What this task involves. Without any pictures, print the lines below from the one that has "Khảo sát về" through the one that has "Moritz Verlag –", exactly and nothing else.

Source data.
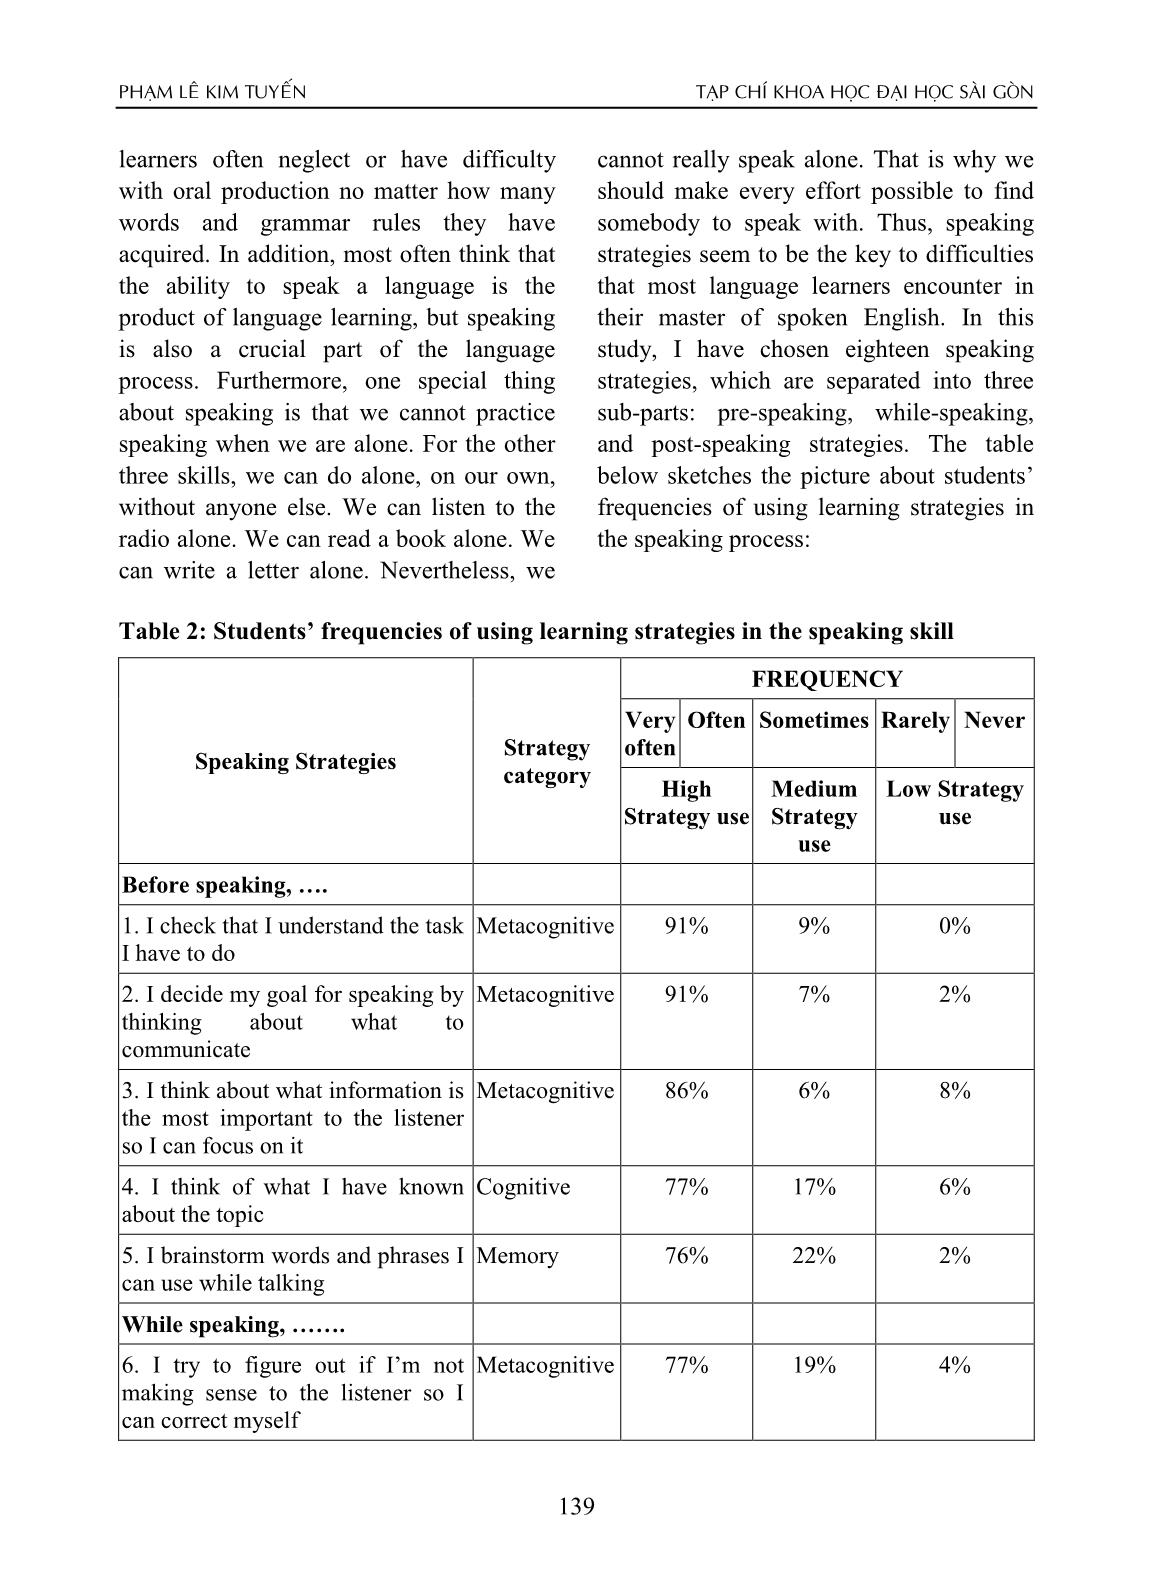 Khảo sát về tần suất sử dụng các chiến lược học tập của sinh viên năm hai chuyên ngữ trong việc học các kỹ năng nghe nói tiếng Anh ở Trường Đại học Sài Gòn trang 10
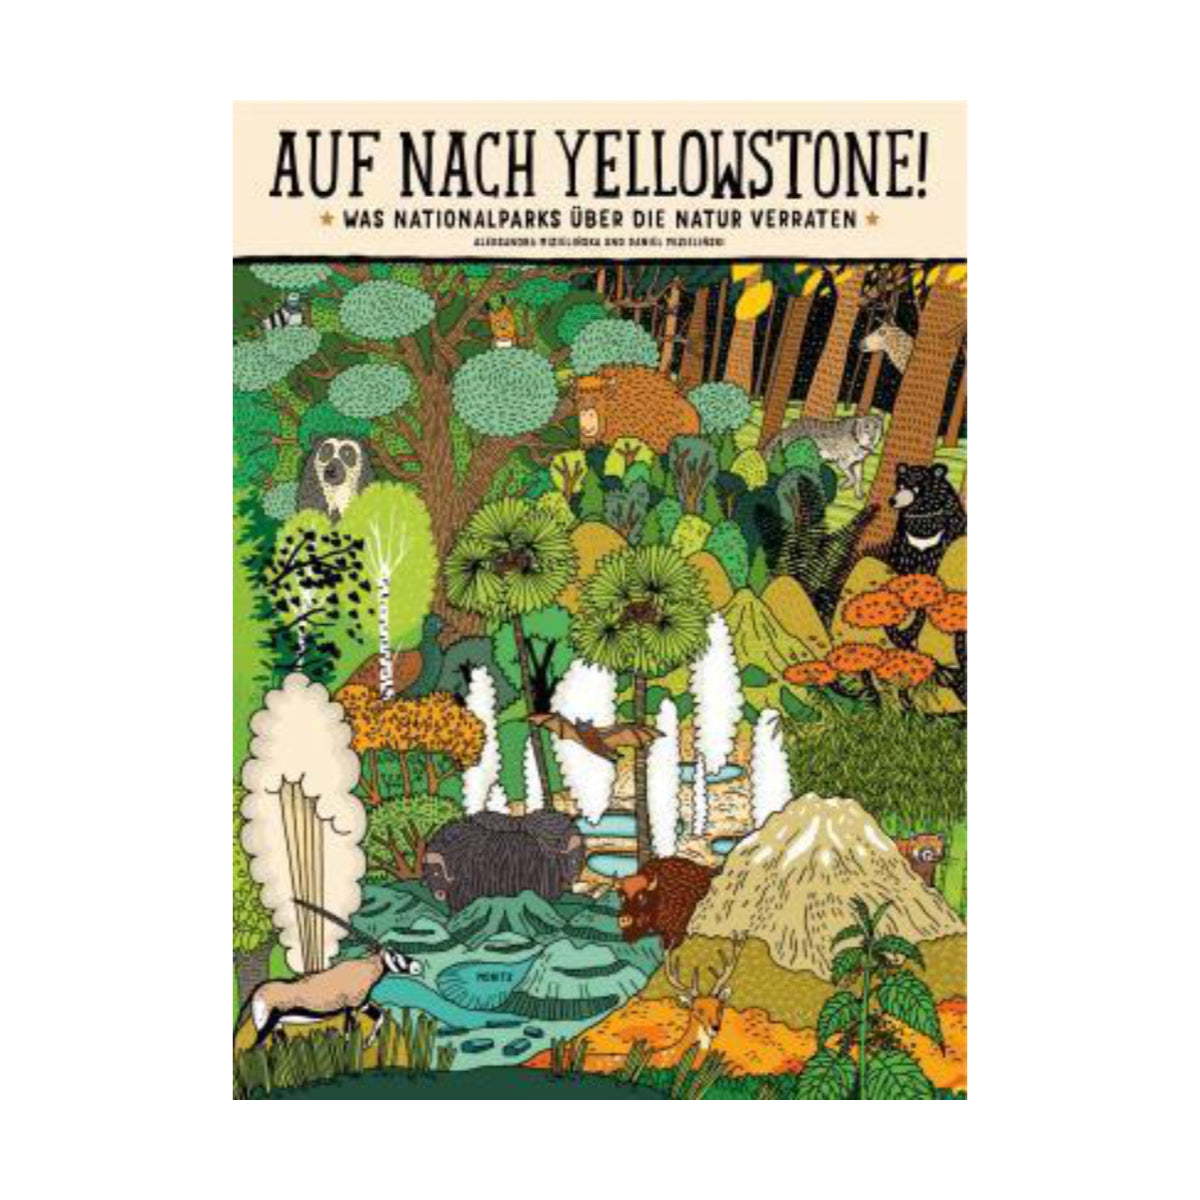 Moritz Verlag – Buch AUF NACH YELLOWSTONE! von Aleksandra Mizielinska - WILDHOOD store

* * *

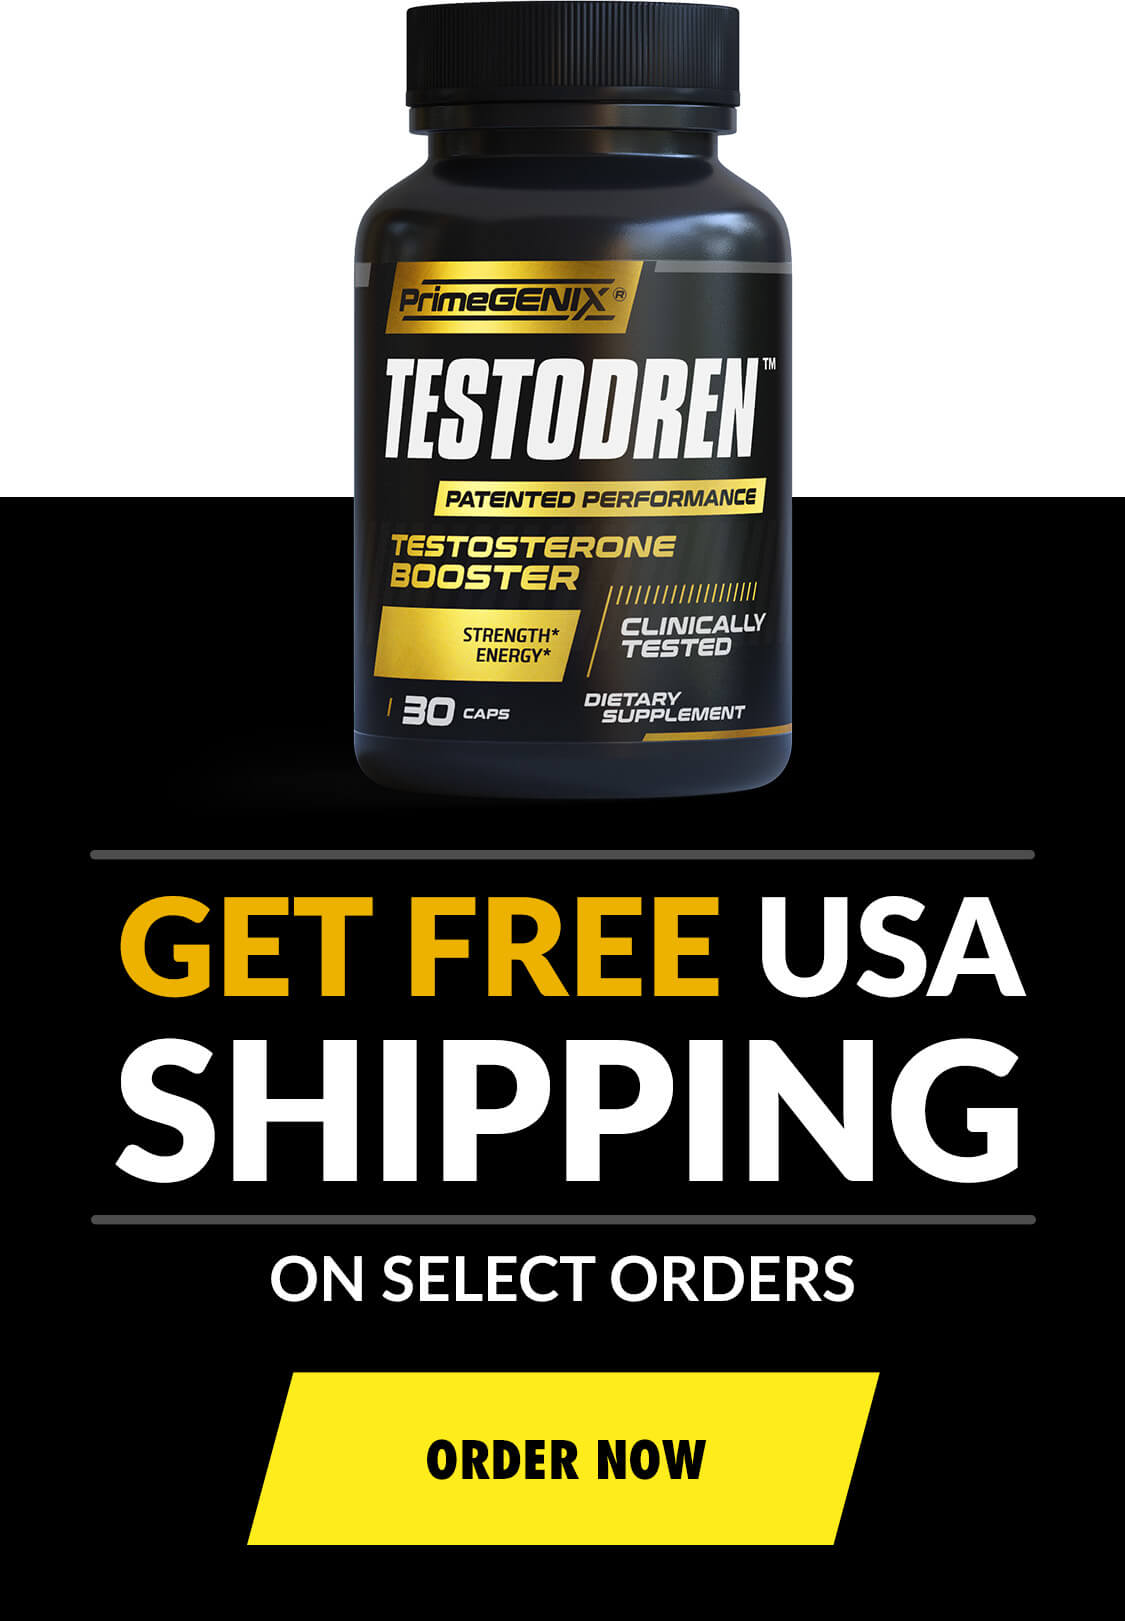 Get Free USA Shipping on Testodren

...

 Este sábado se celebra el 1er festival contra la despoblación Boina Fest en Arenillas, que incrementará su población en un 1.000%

Exercise result.
 Khảo sát về tần suất sử dụng các chiến lược học tập của sinh viên năm hai chuyên ngữ trong việc học các kỹ năng nghe nói tiếng Anh ở Trường Đại học Sài Gòn trang 10
 Moritz Verlag – Buch AUF NACH YELLOWSTONE! von Aleksandra Mizielinska - WILDHOOD store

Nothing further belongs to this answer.